Colin McCabe <cmccabe@xxxxxxxxxxxxxx> · Sun, 3 Jul 2011 22:49:45 -0700

On Sun, Jul 3, 2011 at 6:42 AM, huang jun <hjwsm1989@xxxxxxxxx> wrote:
> hi,all
> I test ceph 0.30 on linux-2.6.37 recently,after i build the cluster
> bsd12:/# ceph -s
> 2011-07-04 09:37:42.920166    pg v66: 198 pgs: 198
> active+clean+degraded; 1008 MB data, 11363 MB used, 2986 MB / 15118 MB
> avail; 273/546 degraded (50.000%)
> 2011-07-04 09:37:42.920674   mds e4: 1/1/1 up {0=0=up:active}
> 2011-07-04 09:37:42.920723   osd e2: 1 osds: 1 up, 1 in
> 2011-07-04 09:37:42.920786   log 2011-07-04 09:15:47.239098 osd0
> 192.168.1.102:6801/7646 73 : [INF] 1.6 scrub ok
> 2011-07-04 09:37:42.920860   mon e1: 1 mons at {0=192.168.1.102:6789/0}
>
> then, mount ceph fs on /mnt
> bsd12:/mnt/dd# dd if=/dev/zero of=sa bs=4M count=200
> and get nothing, is dead
>
> during the writing, use sar to monitor the eth0,
> but find there isn't any data transfered at all, like:
> 09:31:29 PM     IFACE   rxpck/s   txpck/s    rxkB/s    txkB/s
> rxcmp/s   txcmp/s  rxmcst/s
> 09:31:30 PM        lo      0.00      0.00      0.00      0.00
> 0.00      0.00      0.00
> 09:31:30 PM      eth0      0.00      0.00      0.00      0.00
> 0.00      0.00      0.00
> 09:31:30 PM      eth1      4.00      2.00      0.41      0.26
> 0.00      0.00      0.00
>
> it seems OSD didn't do write, so result in client can not go on writing.

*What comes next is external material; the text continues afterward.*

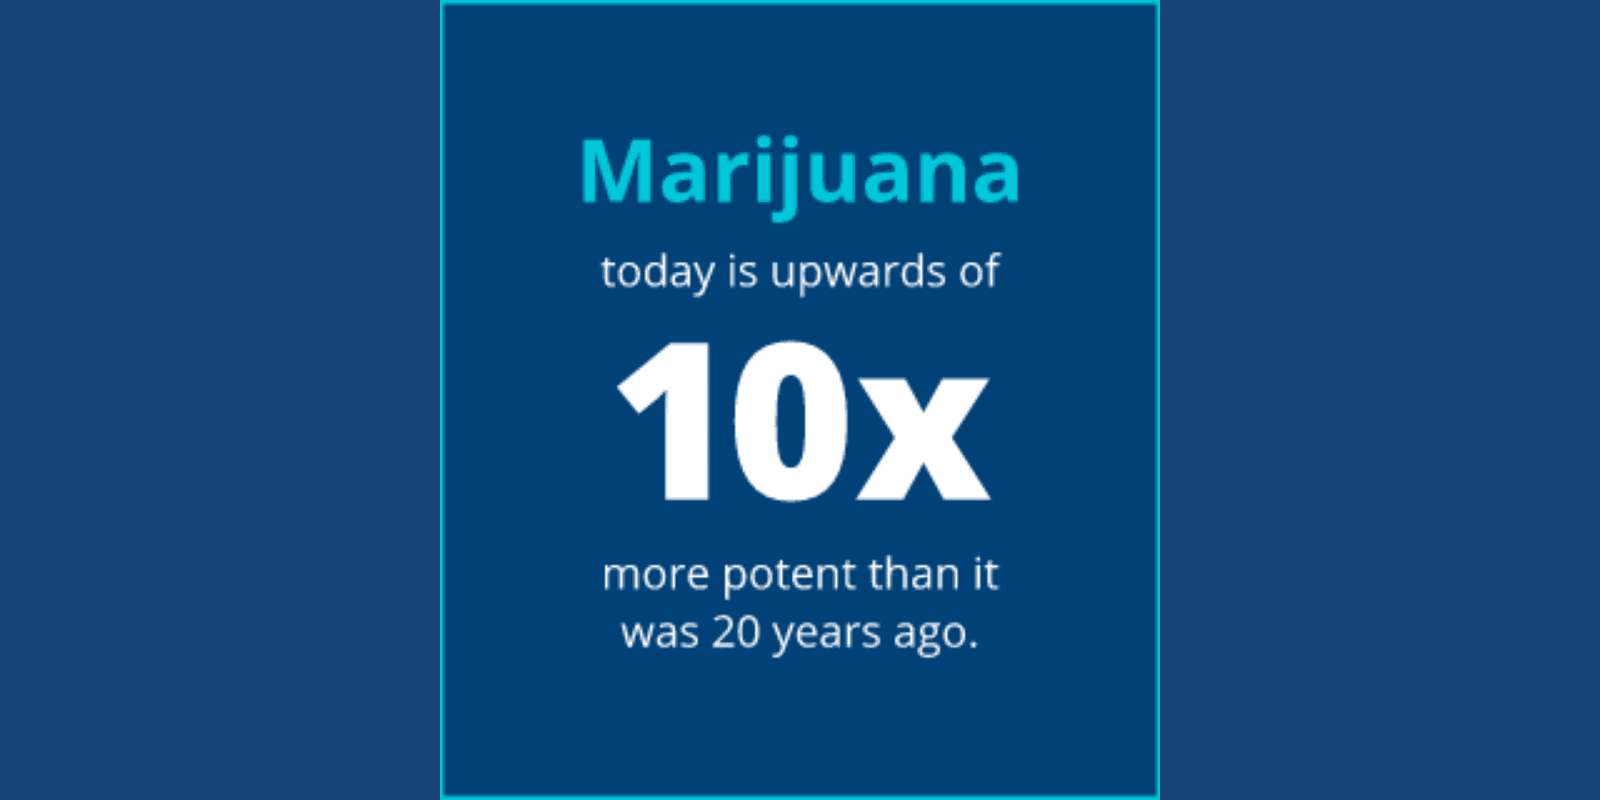 Marijuana today is upwards of 10x more potent than it was 20 years ago

> from the osd log, the scrub loadavg is very high:
> 2011-07-04 09:25:52.163742 7f0b56f2c700 osd0 2 tick
> 2011-07-04 09:25:52.163788 7f0b56f2c700 osd0 2 scrub_should_schedule
> loadavg 2 >= max 0.5 = no, load too high
> 2011-07-04 09:25:52.163804 7f0b56f2c700 osd0 2 do_mon_report
> 2011-07-04 09:25:52.163819 7f0b56f2c700 osd0 2 send_alive up_thru
> currently 0 want 0
> 2011-07-04 09:25:52.163833 7f0b56f2c700 osd0 2 send_pg_stats
> 2011-07-04 09:25:52.782851 7f0b4d517700 osd0 2 update_osd_stat
> osd_stat(11363 MB used, 2986 MB avail, 15118 MB total, peers []/[])
> 2011-07-04 09:25:52.782887 7f0b4d517700 osd0 2 heartbeat:
> stat(2011-07-04 09:25:52.782813 oprate=0.339098 qlen=0 recent_qlen=0
> rdlat=0 / 0 fshedin=0)
> 2011-07-04 09:25:52.782902 7f0b4d517700 osd0 2 heartbeat:
> osd_stat(11363 MB used, 2986 MB avail, 15118 MB total, peers []/[])

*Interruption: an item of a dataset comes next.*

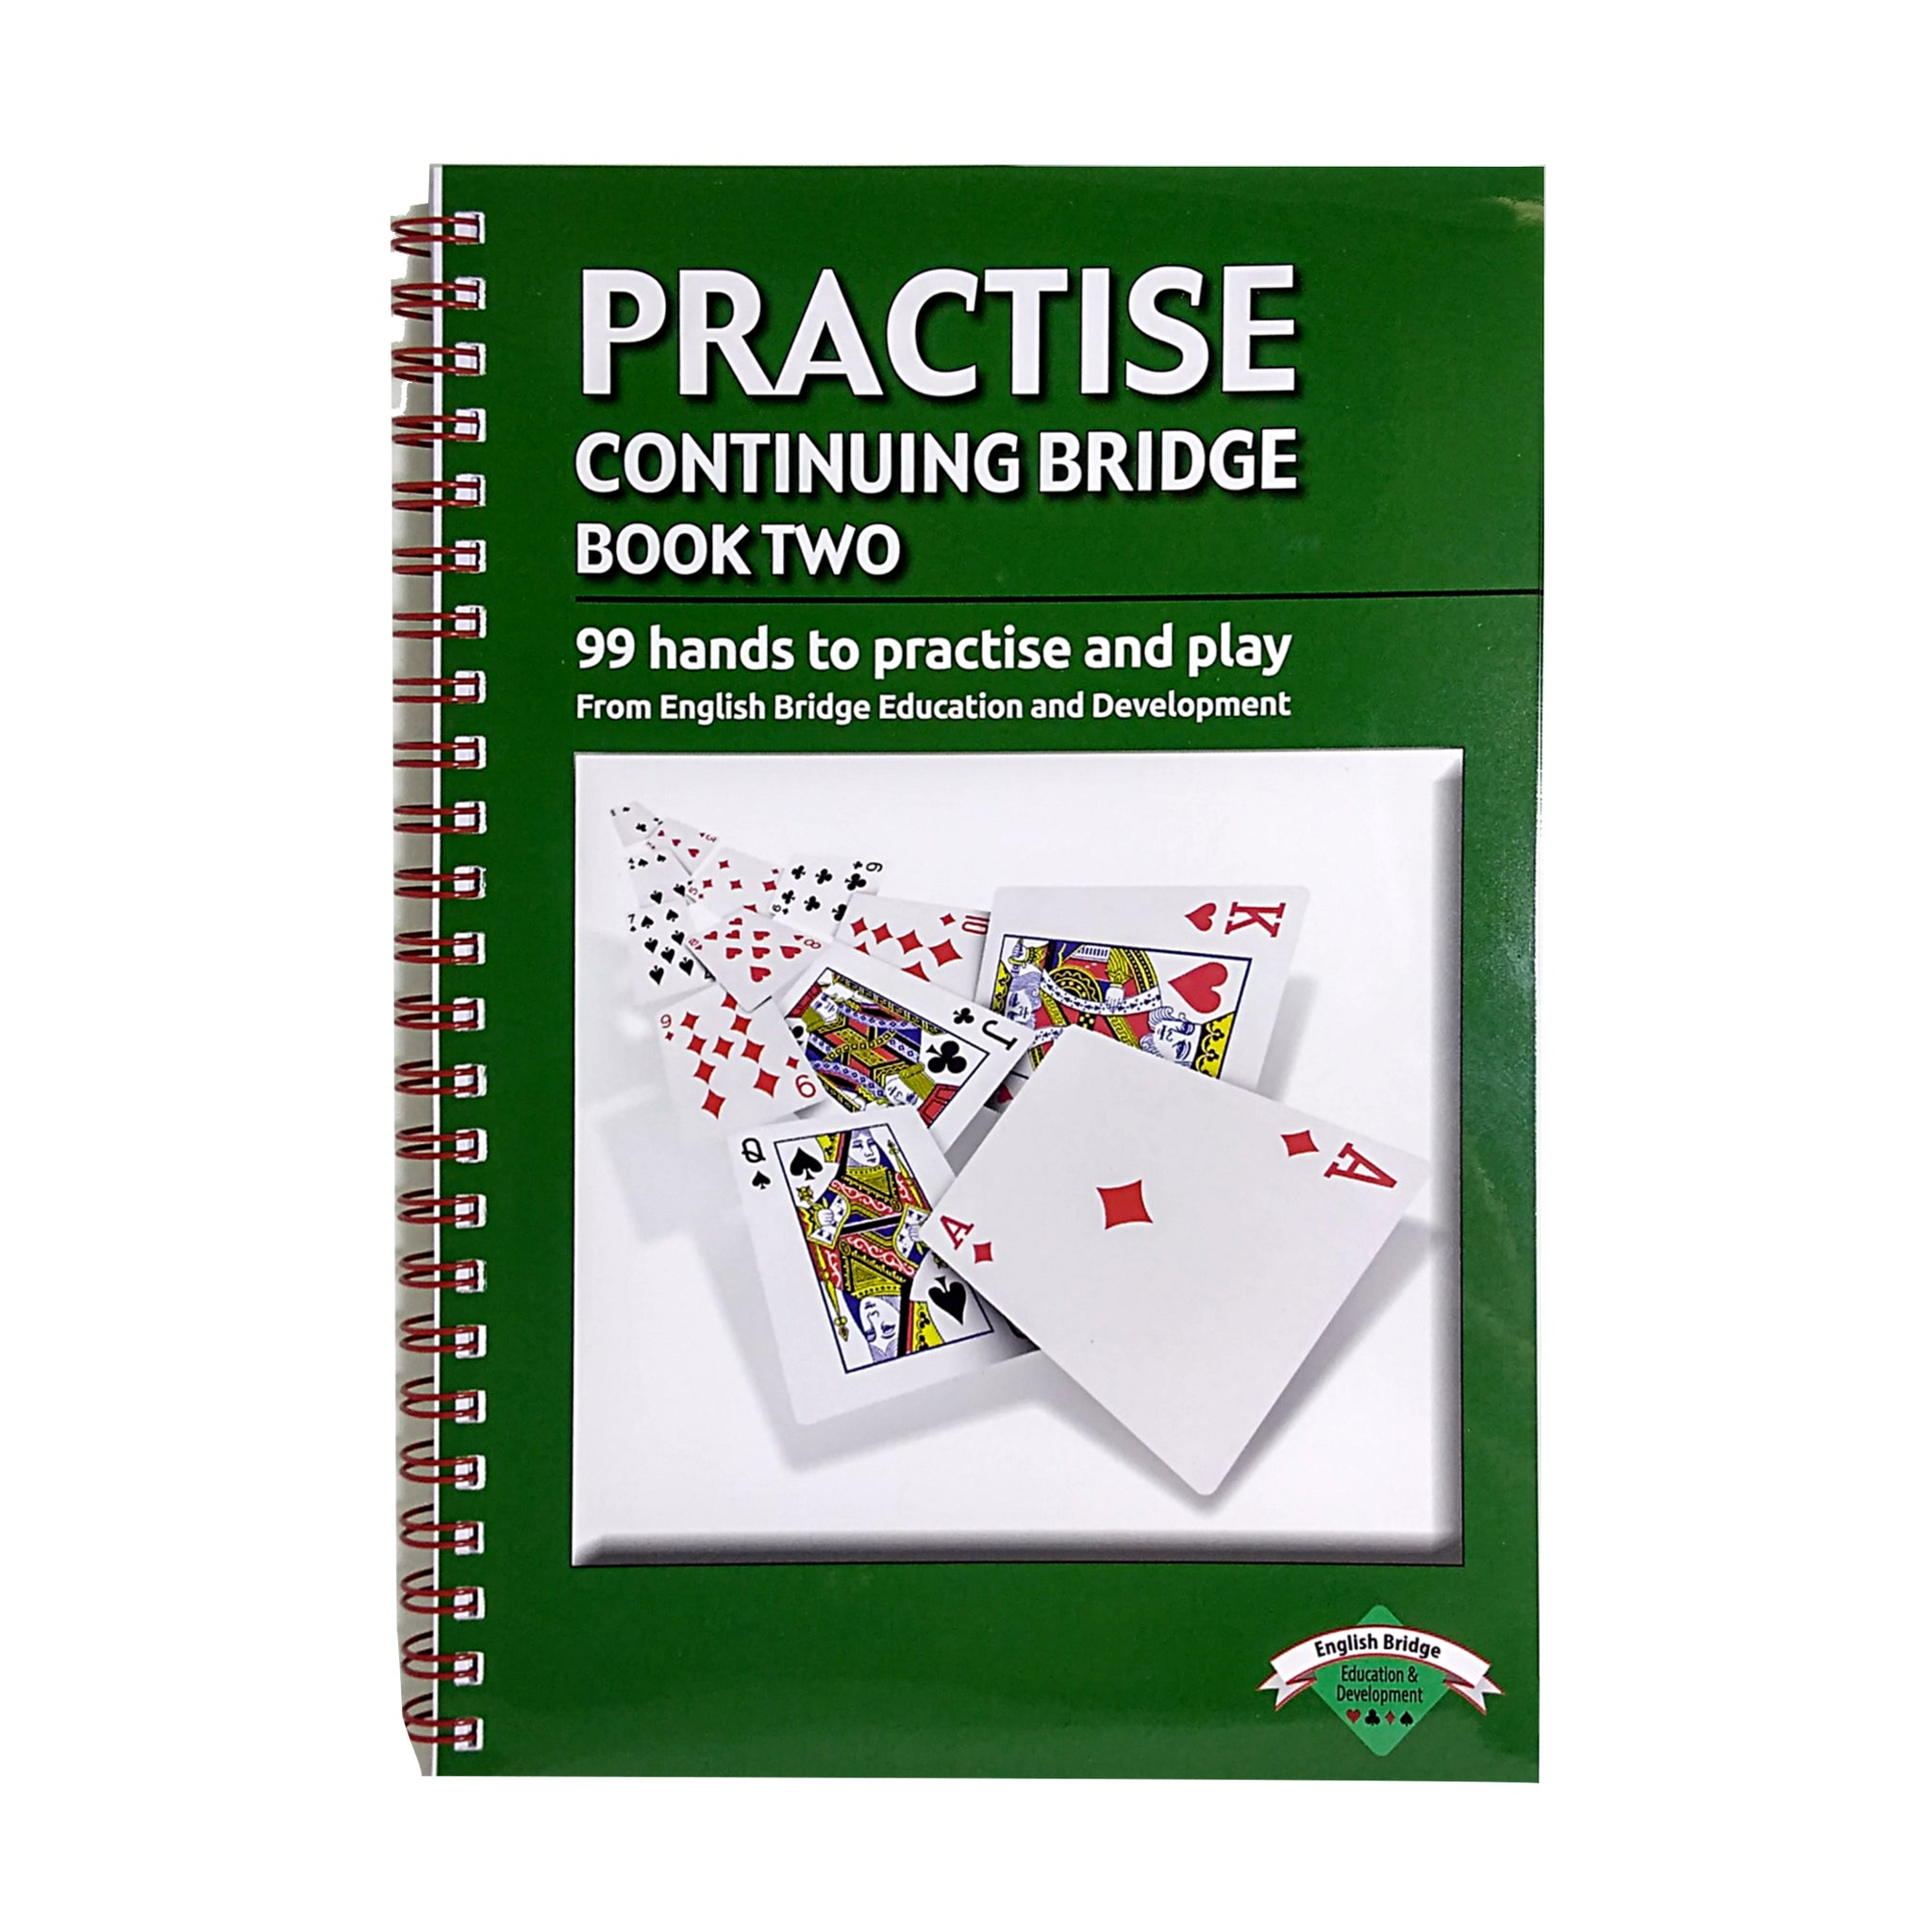 Practise - Continuing Bridge (A5 size) - OFFER

> 2011-07-04 09:25:53.012934 7f0b51f22700 FileStore: sync_entry timed
> out after 600 seconds.
> 2011-07-04 09:25:53.012969 1: (SafeTimer::timer_thread()+0x311) [0x6028d1]
> 2011-07-04 09:25:53.012976 2: (SafeTimerThread::entry()+0xd) [0x604f3d]
> 2011-07-04 09:25:53.012985 3: (()+0x68ba) [0x7f0b5bba78ba]
> 2011-07-04 09:25:53.012992 4: (clone()+0x6d) [0x7f0b5a80302d]
> 2011-07-04 09:25:53.012997 *** Caught signal (Aborted) **
>  in thread 0x7f0b51f22700
>
> i'd like to know, does scrub workload too high results in OSD abort?
> and why we design scrub here ? to protect the consistence of PG?

That error only occurs when 10 minutes go past without any activity.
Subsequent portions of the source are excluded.